Лев знал этого охранника, высокого парня по имени Анхель; они примерно год проучились вместе в школе. Южный Ветер и другие девочки из Шанти тогда боялись Анхеля, потому что он вечно старался зажать их в углу и потискать.

– Вставай в строй, – повторил Анхель и, взмахнув мушкетом, приставил дуло к груди Льва. Он дышал почти так же тяжело, как и Лев; взгляд был совершенно безумный. Он как-то странно, с придыханием, рассмеялся, глядя, как мушкет, прижатый к груди Льва, ходит вверх-вниз. – Ты, парень, когда-нибудь слышал, как такая штука стреляет? Громко-громко, как плод дерева-кольца… – Он сильнее ткнул дулом ему в грудь, потом вдруг дернул ствол вверх и выстрелил в небеса.

Ошарашенный, оглушенный, Лев отшатнулся и изумленно уставился на него. Лицо Анхеля покрылось мертвенной бледностью; он с тупым видом постоял немного, потрясенный грохотом и сильной отдачей грубо сработанного ружья.

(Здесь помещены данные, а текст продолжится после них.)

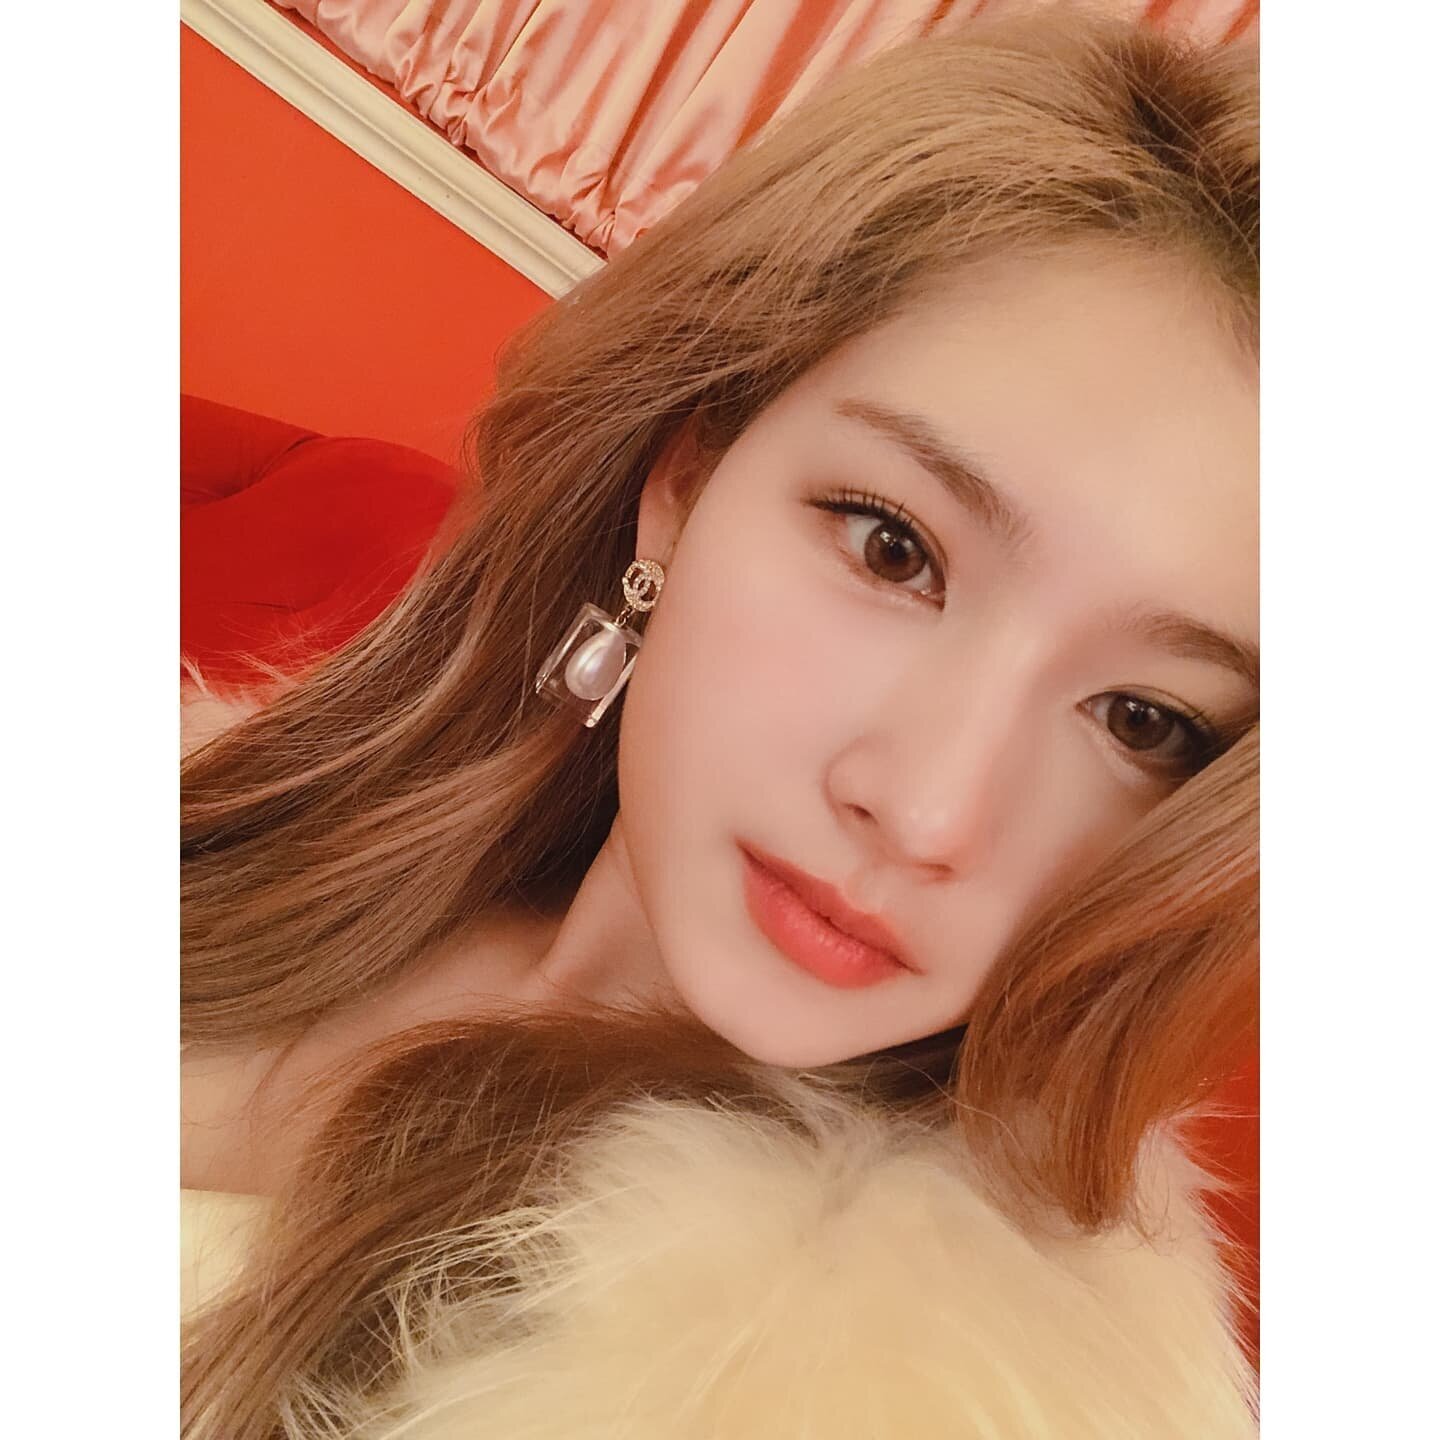 July 28 21 Twice Instagram Update Jihyo Sana Kpopping
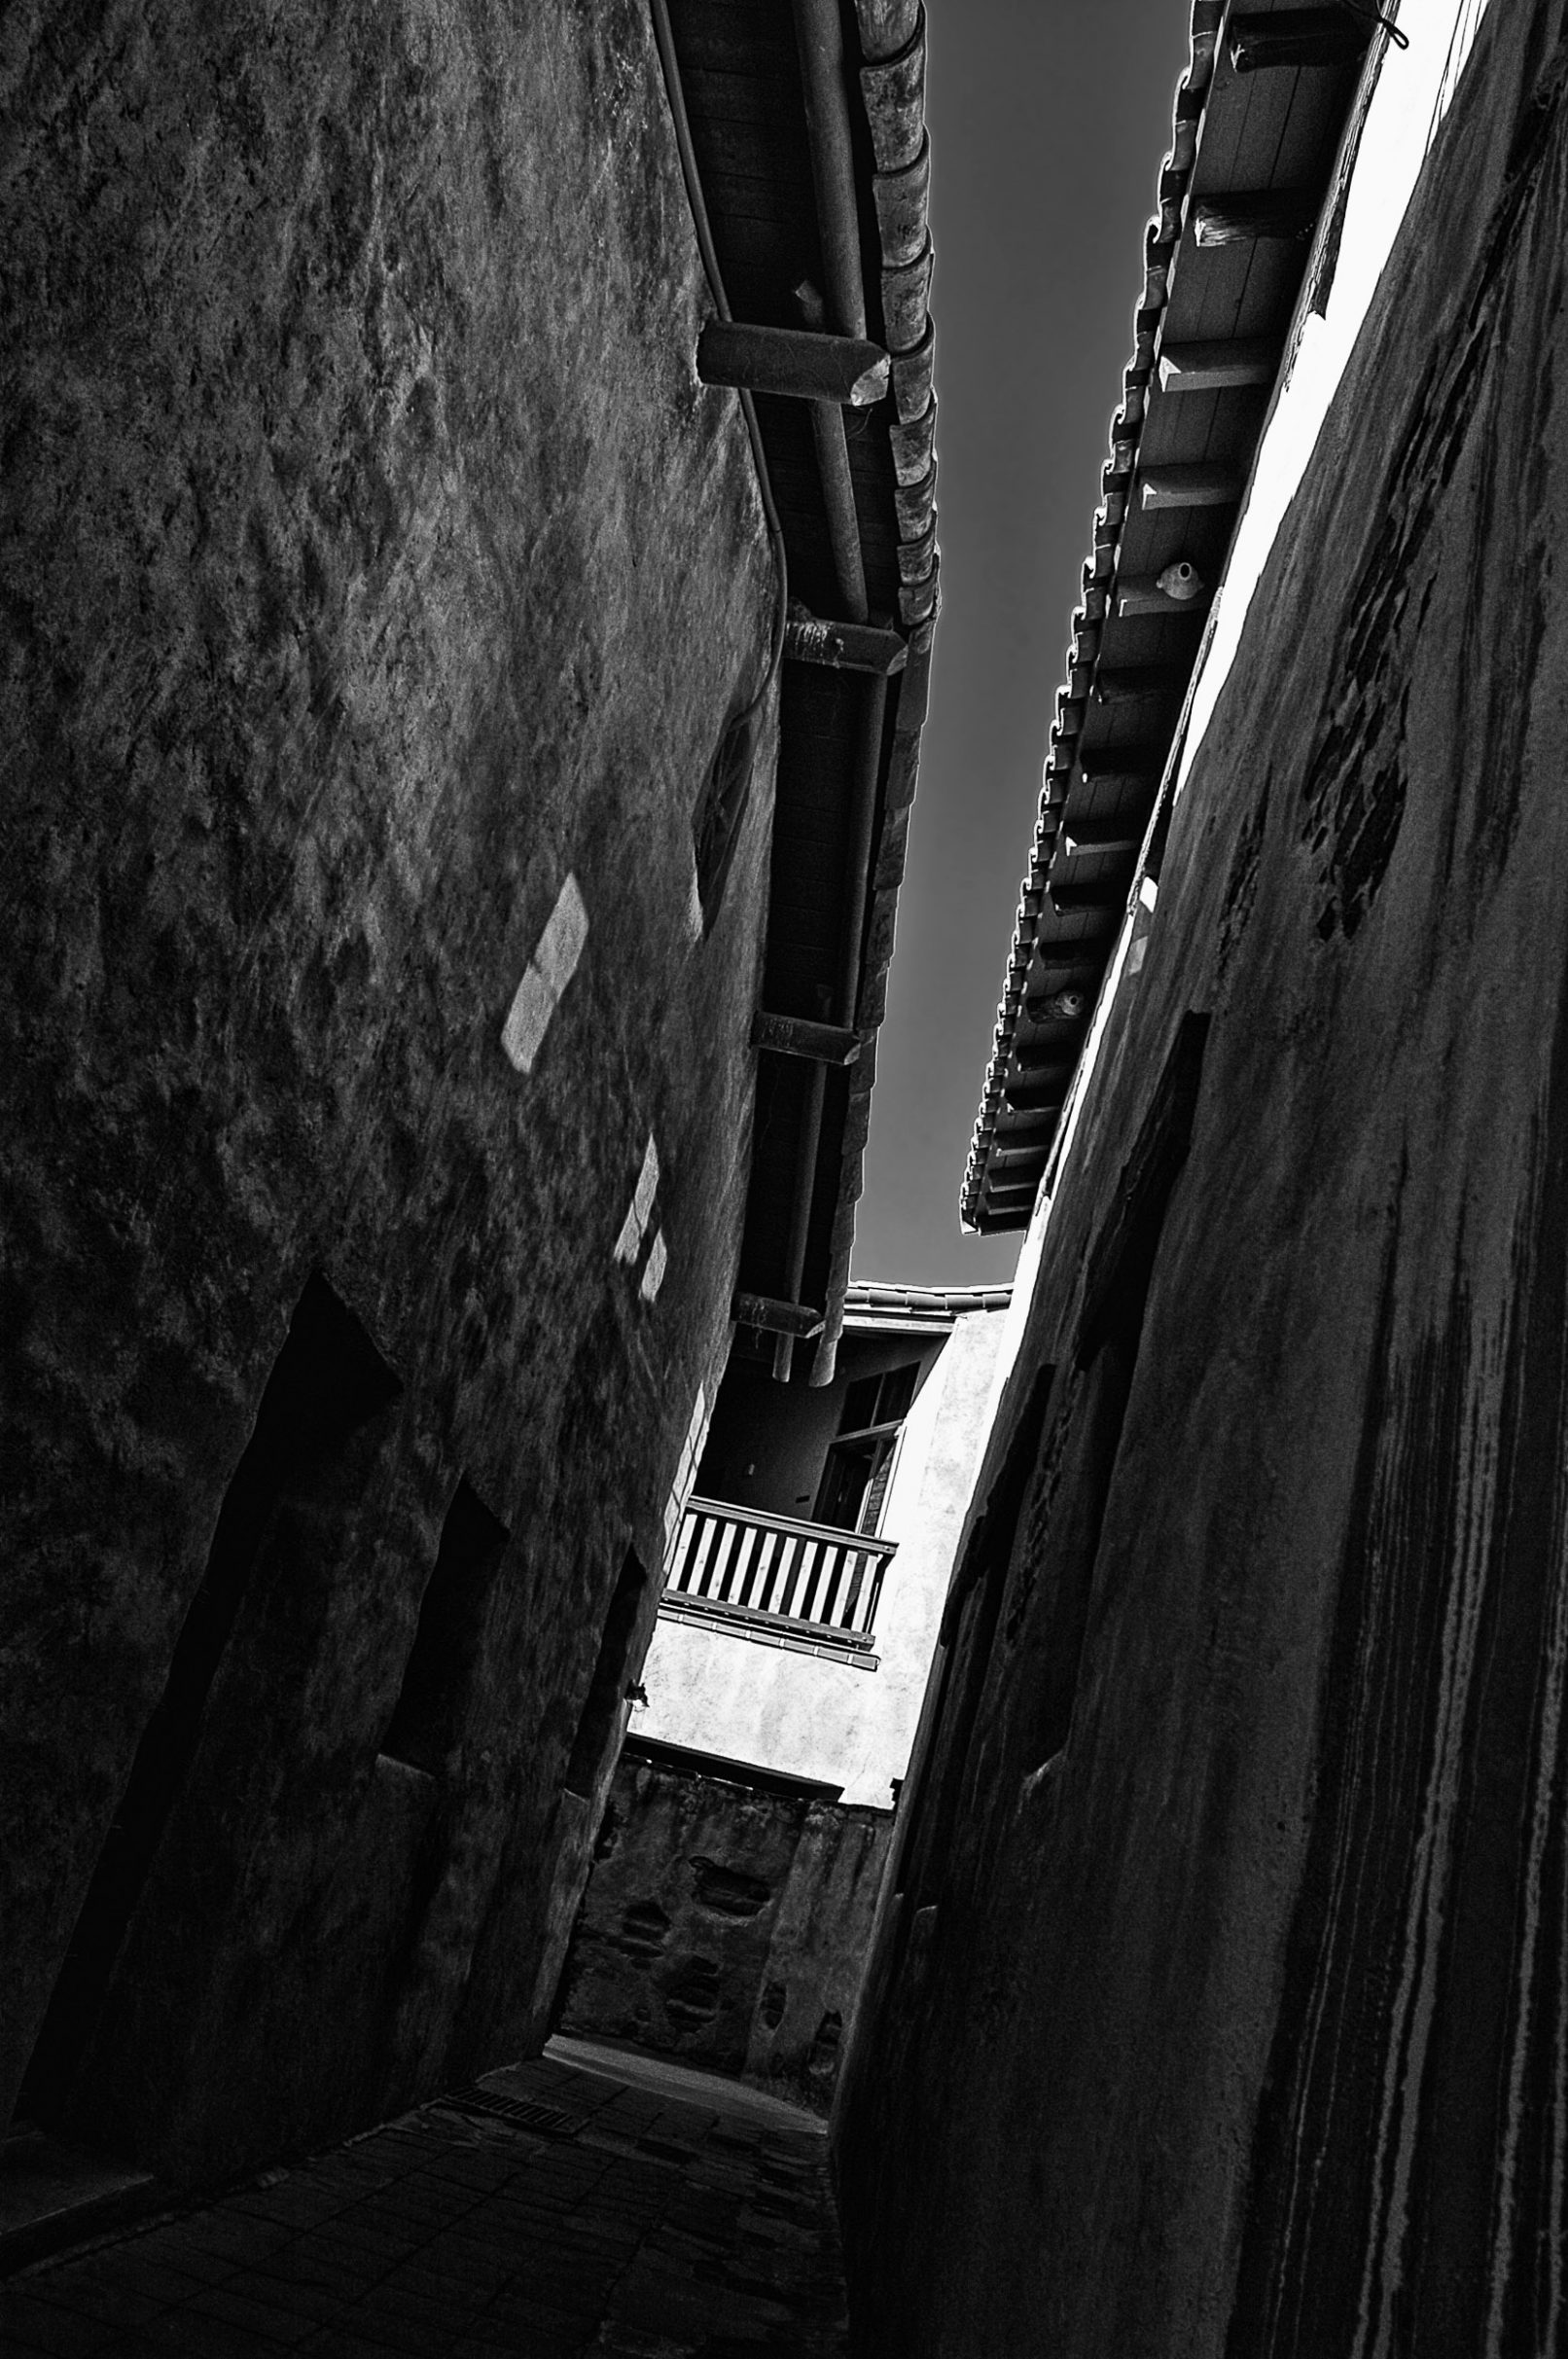 Dark alley between Spanish-styled buildings

Деревенские жители в задних рядах, решив, что Лев убит, ринулись вперед; охранники, вопя и ругаясь, попытались их остановить; в воздух со скрипом и свистом взметнулись плетки, блестя в тумане отделанными металлом ручками.

– Со мной все в порядке! – крикнул Лев. Собственный голос отдавался у него в голове, казался слабым и каким-то далеким. – Со мной все в порядке! – повторил он как можно громче. Потом услышал, что Анхель тоже что-то кричит, увидел, как одного из крестьян хлестнули плеткой по лицу…

– Немедленно всем снова встать в строй!

Лев присоединился к крестьянам, которые сперва сбились в кучу, а потом, подчиняясь охранникам, выстроились по двое – по трое и двинулись дальше на юг.

– Почему мы идем на юг? Эта дорога ведет не в Столицу, так почему же мы идем по ней, а? – прерывающимся шепотом спросил один из соседей Льва, юноша лет восемнадцати.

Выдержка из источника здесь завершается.